▶ Task requirements:
From the line containing "DeLonghi DCM900 instruction" to the end of the data, retype every line exactly and nothing else. Drop the pictures.

▶ Dataset excerpt:
***
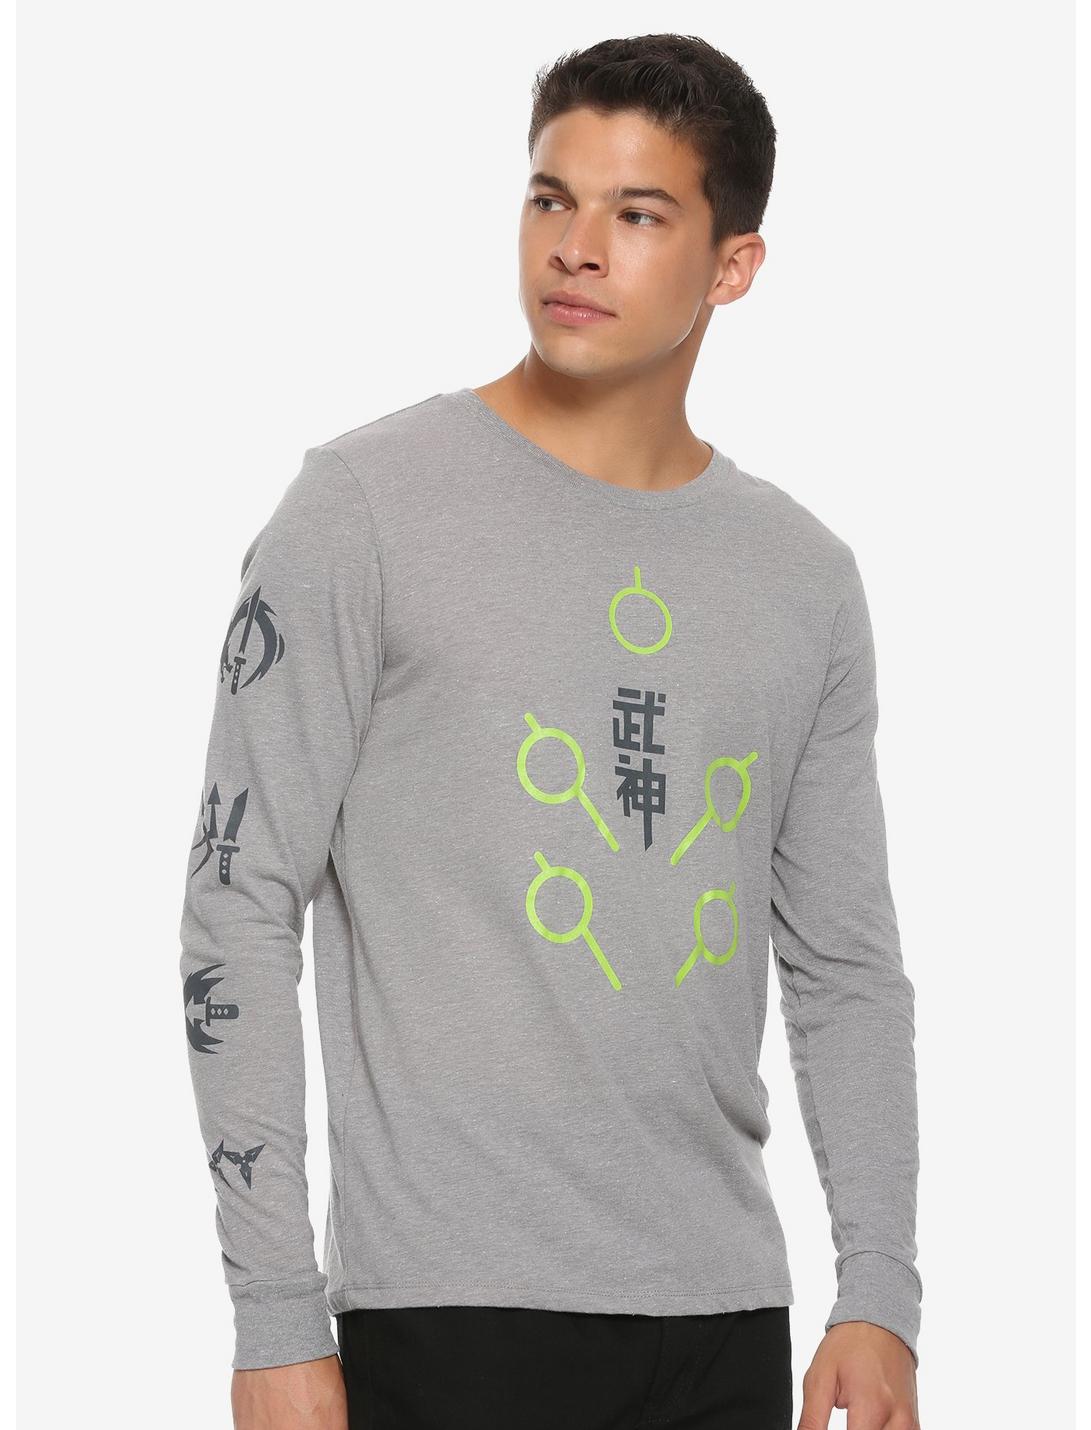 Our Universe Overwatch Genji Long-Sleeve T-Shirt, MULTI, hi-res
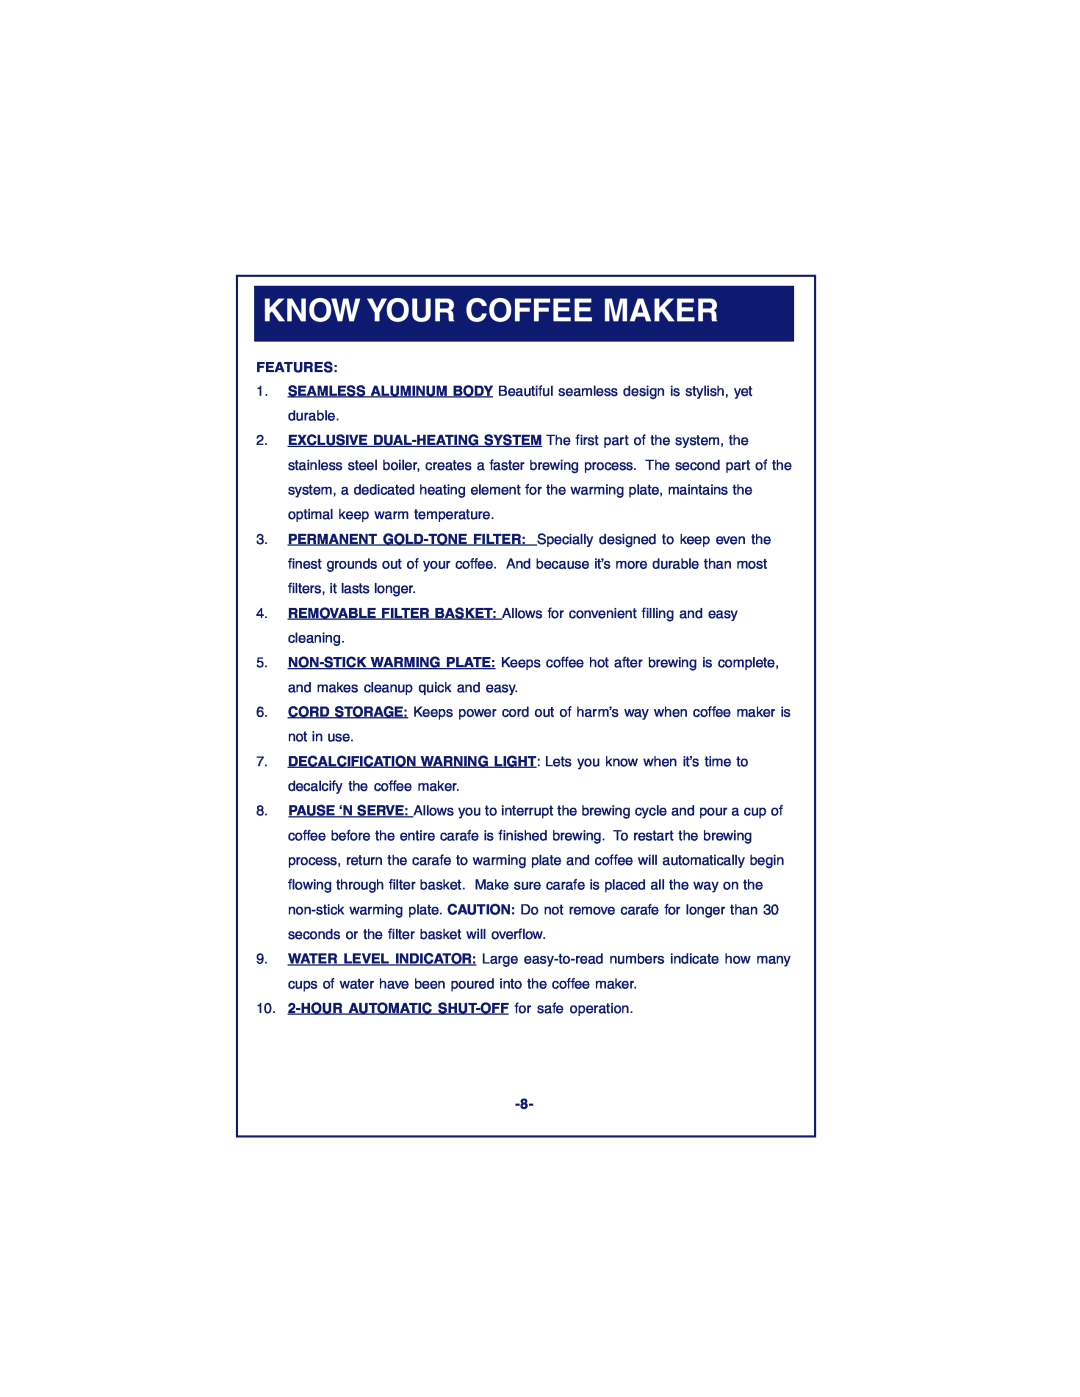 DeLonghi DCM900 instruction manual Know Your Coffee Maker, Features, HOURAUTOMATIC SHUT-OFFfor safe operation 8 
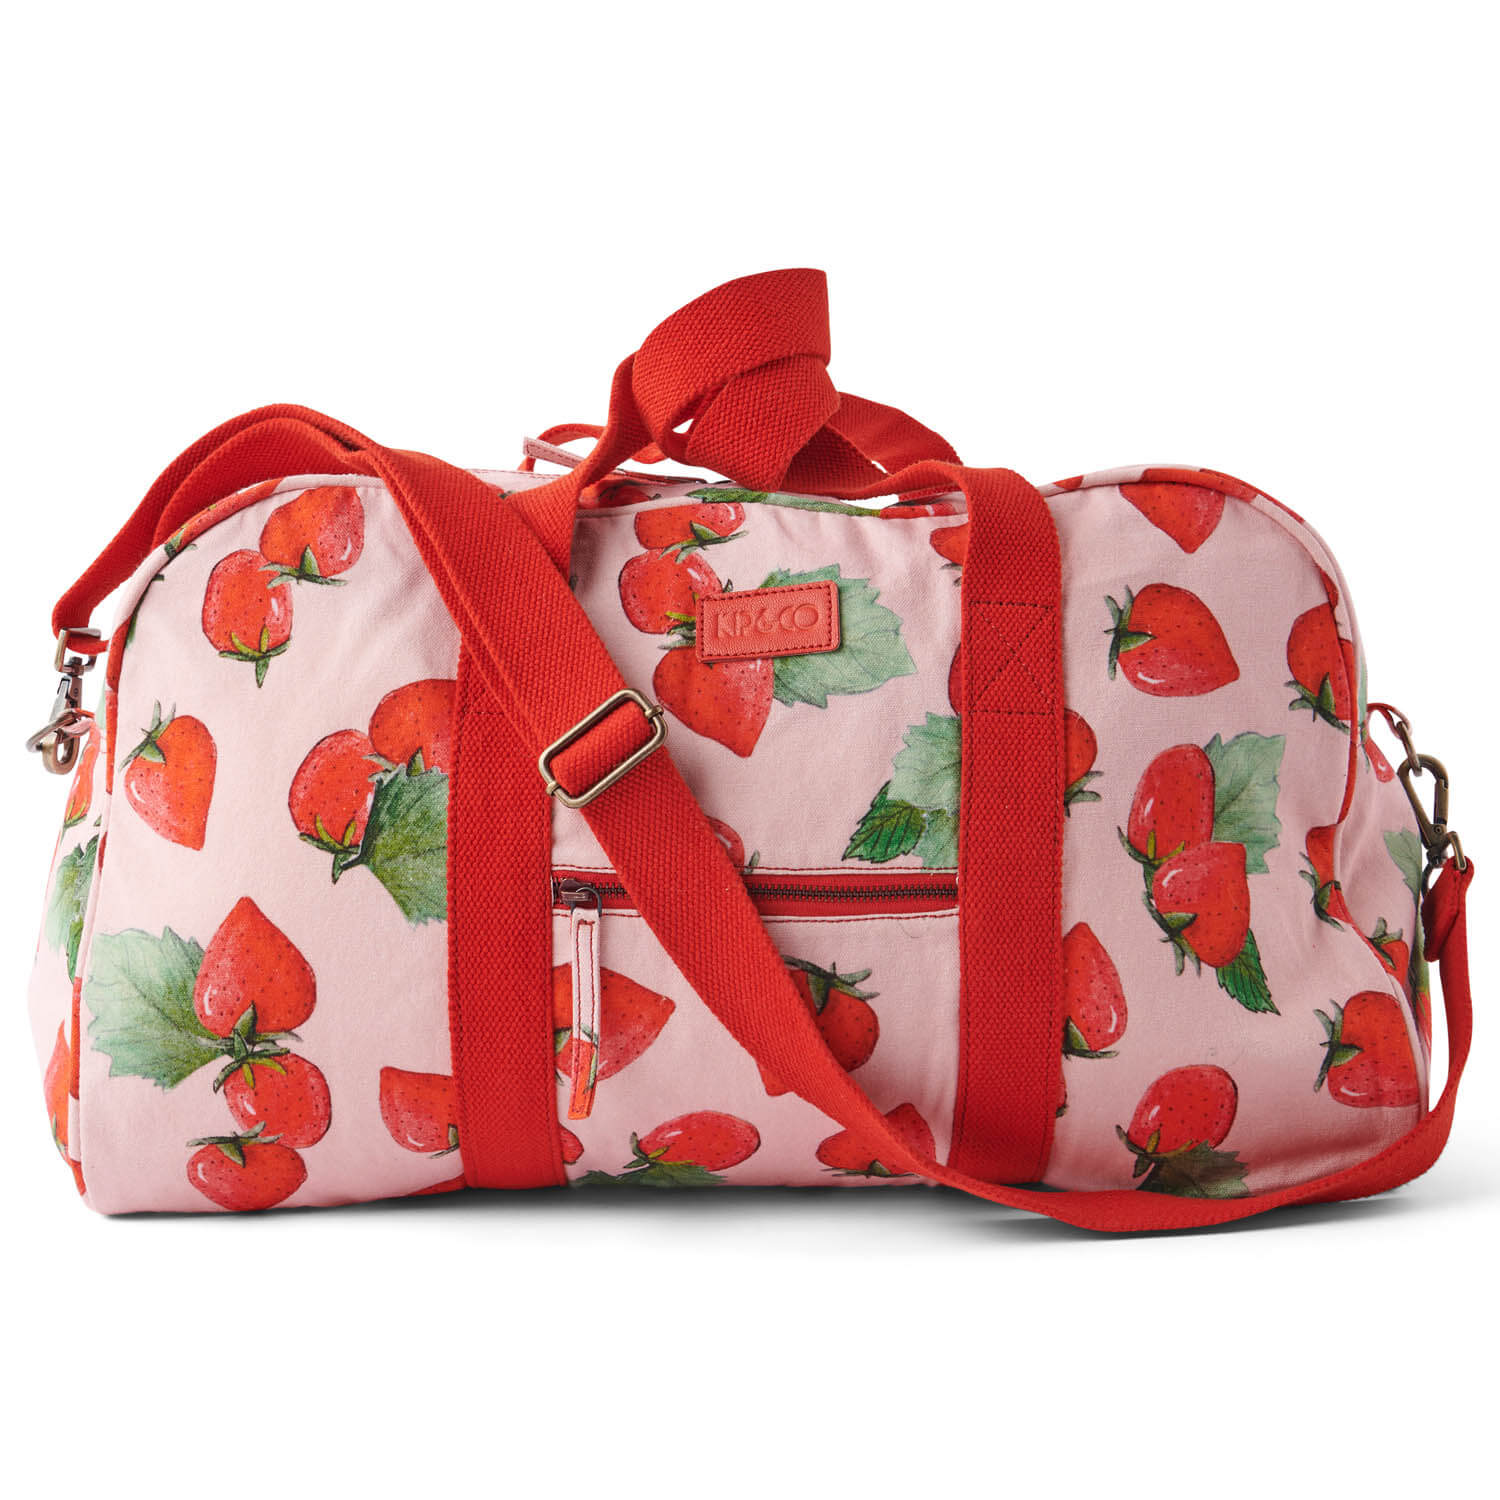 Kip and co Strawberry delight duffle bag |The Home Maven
***
▶ Solution:
 DeLonghi DCM900 instruction manual Know Your Coffee Maker, Features, HOURAUTOMATIC SHUT-OFFfor safe operation 8 
 Kip and co Strawberry delight duffle bag |The Home Maven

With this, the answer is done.